Commenting on the U.S. move, Mao Ning, a spokesperson for China's Foreign Ministry, said on Saturday that the U.S. new export controls would hinder international tech exchanges and economic cooperation and undermine the stability of global industrial and supply chains and the recovery of the world economy.

The spokesperson added that the U.S. politicisation and weaponisation of technology, economic and trade issues will not stop China's development but will only hurt the U.S. itself.

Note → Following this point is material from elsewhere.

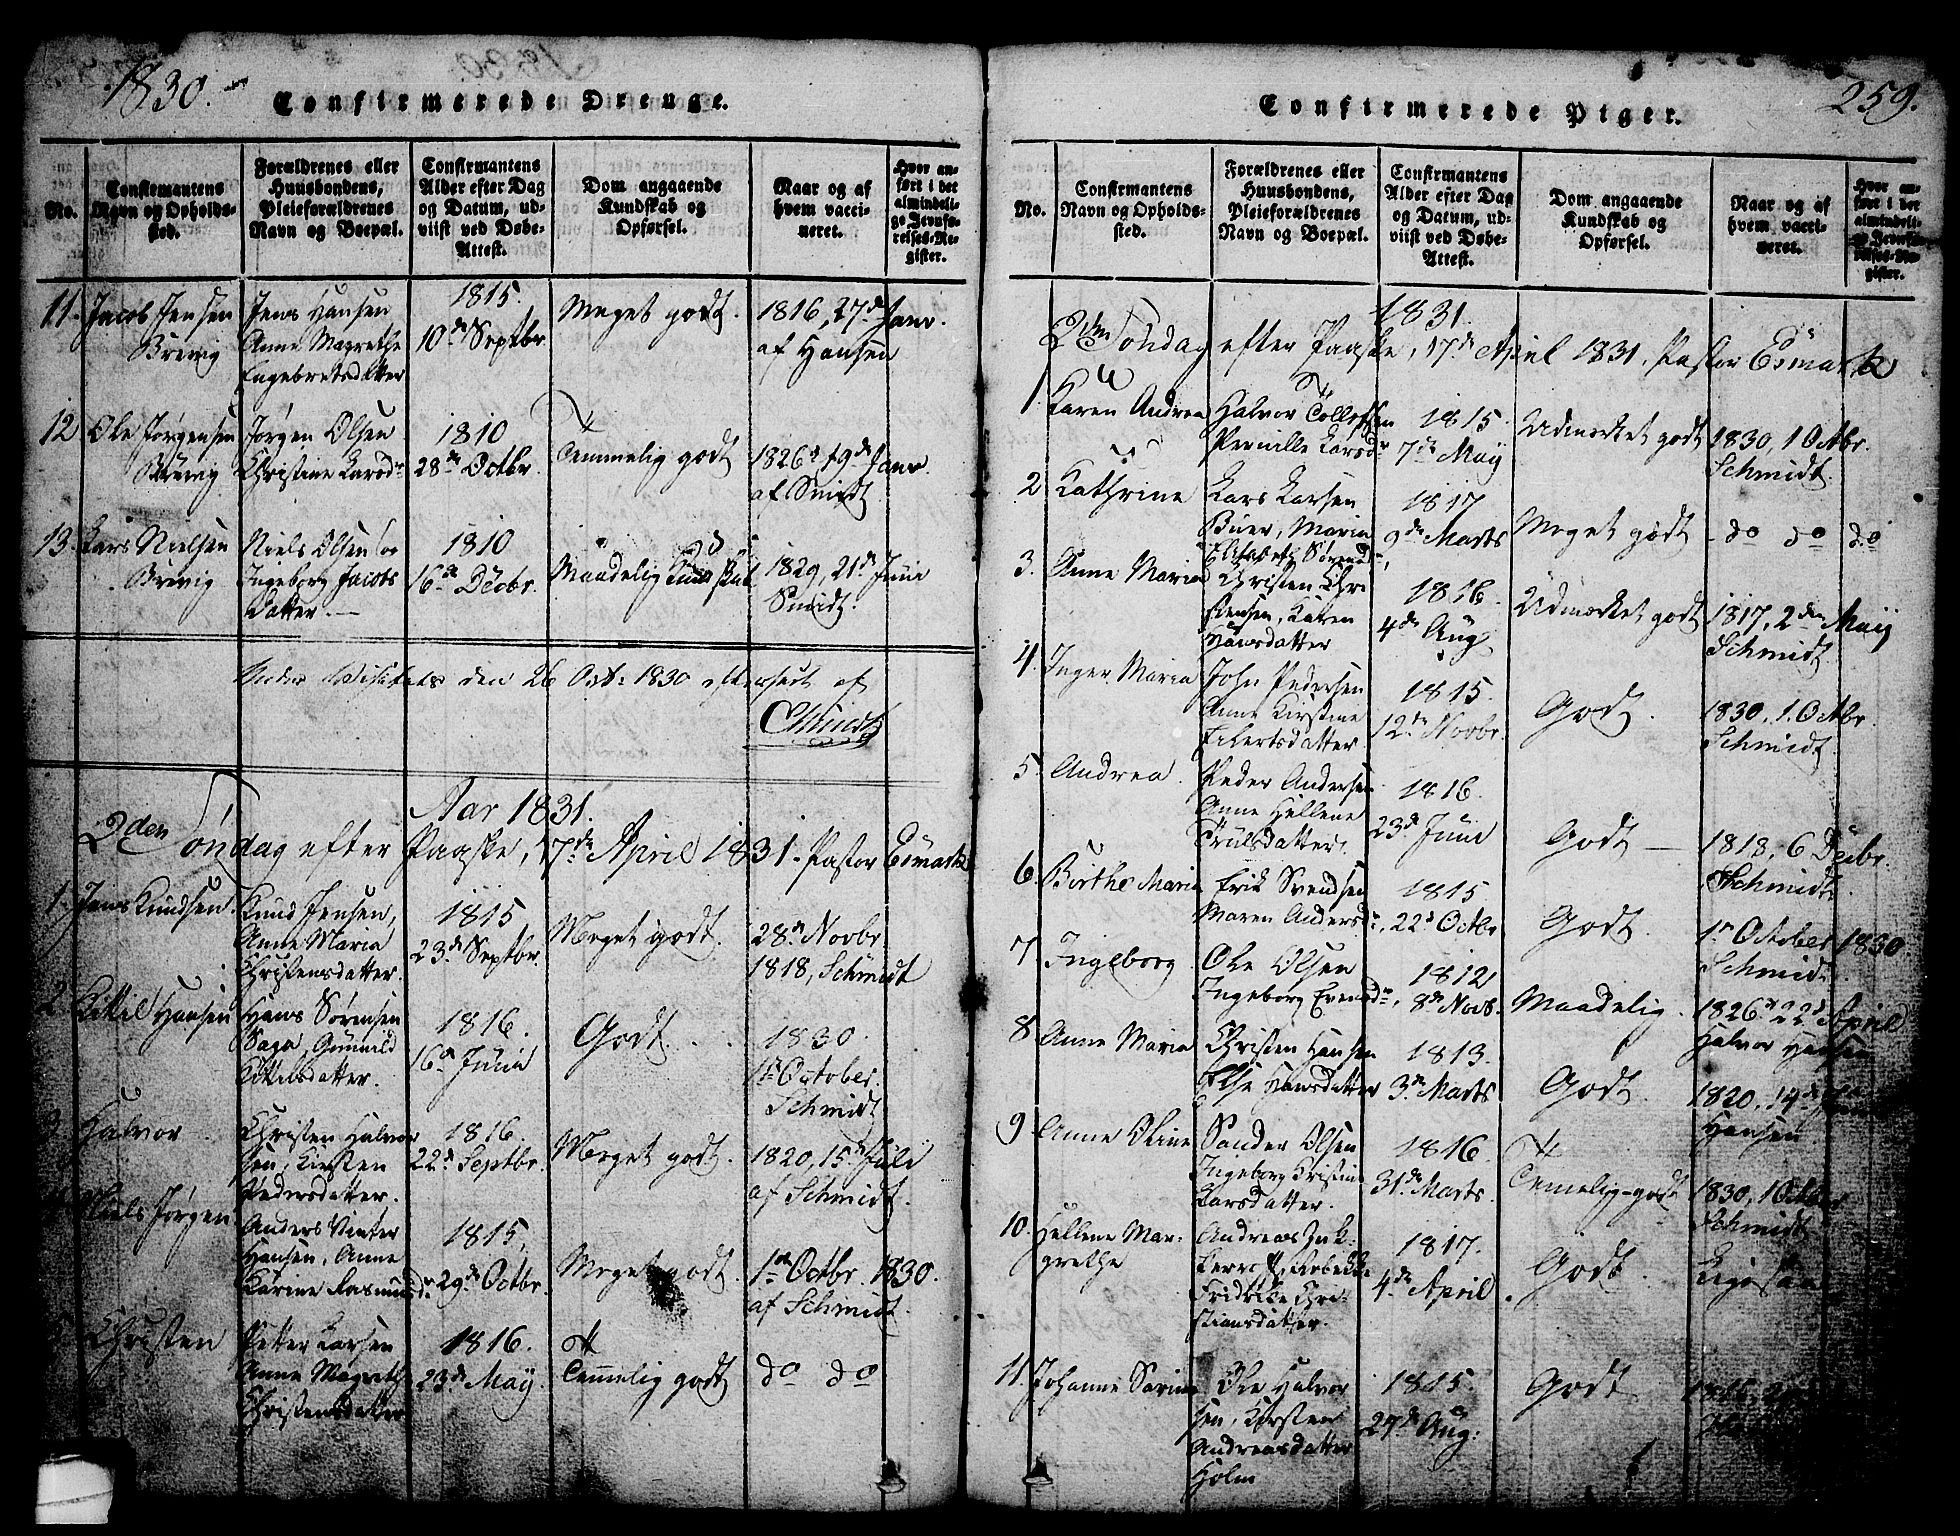 SAKO, Brevik kirkebøker, G/Ga/L0001: Klokkerbok nr. 1, 1814-1845, s. 259

Out of the need to maintain its sci-tech hegemony, the U.S. abuses export control measures to maliciously block and suppress Chinese companies, Ning further added.

In a bid to build self-reliance in semiconductor manufacturing, China is pouring billions. However, it's not yet capable of producing its own high-end chips to furnish advanced computing devices. A notable success story is China's largest chipmaker, Semiconductor Manufacturing International Corp (SMIC), which reported better-than-expected revenue of $1.903 billion in the second quarter of this year, up by 3.3 per cent from the previous quarter and up 41.6 per cent year-on-year.

"We understand the goal of ensuring national security and urge the U.S. government to implement the rules in a targeted way and in collaboration with international partners to help level the playing field and mitigate unintended harm to U.S. innovation", the Semiconductor Industry Association, which represents U.S. semiconductor industry, said in a statement.